The issue of access to information on the files of the Grand Court was recently considered by the Honourable Chief Justice Anthony Smellie, QC, in the context of liquidation proceedings. As the Chief Justice noted in his judgment concerning In the matter of the Sphinx Group of Companies (In Official Liquidation) unreported, January 30, 2017 (“SPhinX”), determining whether documents kept on file by the Grand Court should be kept confidential requires a close assessment of the particular circumstances in which access is sought, and the wider consequences of the publication of the information in question.

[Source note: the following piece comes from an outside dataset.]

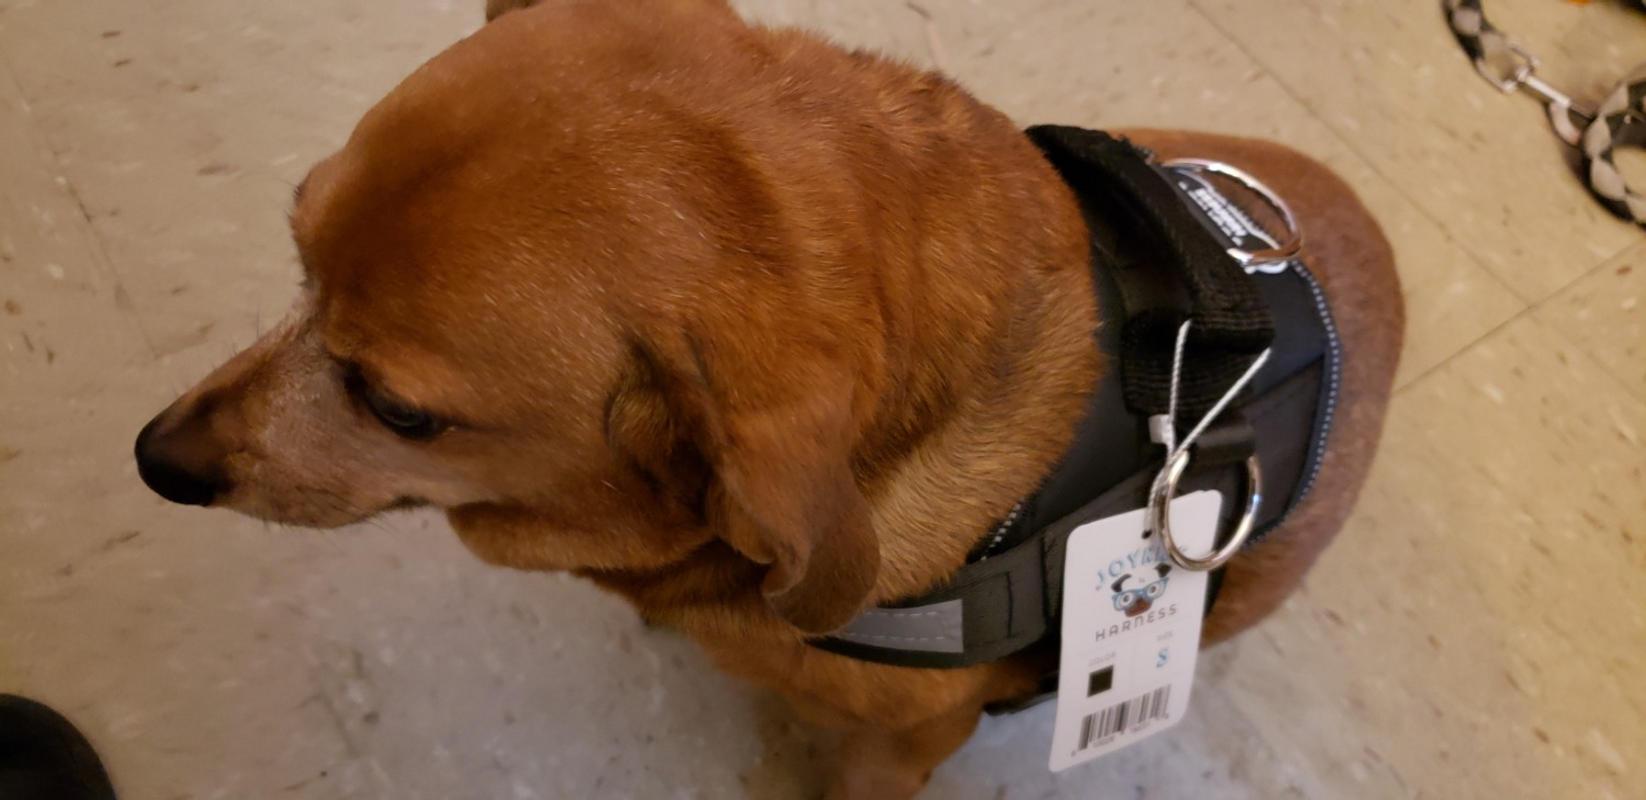 Heavy Duty Dog Leash  U2013 Joyride Harness

In SPhinX, the Scheme Supervisors (“Scheme Supervisors”) had applied for the sanction of the court to complete a confidential settlement agreement and, flowing from that, for orders that affidavit evidence sworn in support of the sanction application be sealed and kept confidential on the court file. It was the view of the Chief Justice that the fact that a settlement was pending in the SPhinX matter was highly relevant, noting that it was essential that the Scheme Supervisors were able, like any other commercial party, to compromise claims on confidential terms – and that this ability would be lost if the court was not prepared to seal papers filed in support of the sanction application that the liquidator was required by law to make. Flowing from this, it was also in the interests of justice for a sealing order to be made so as to protect the economic interests of the stakeholders in SPhinX. The judgment serves as confirmation that the court is required to balance the general rule as to publicity of information on court files against any requirements for confidentiality or privacy in the interests of justice that may arise in a particular case.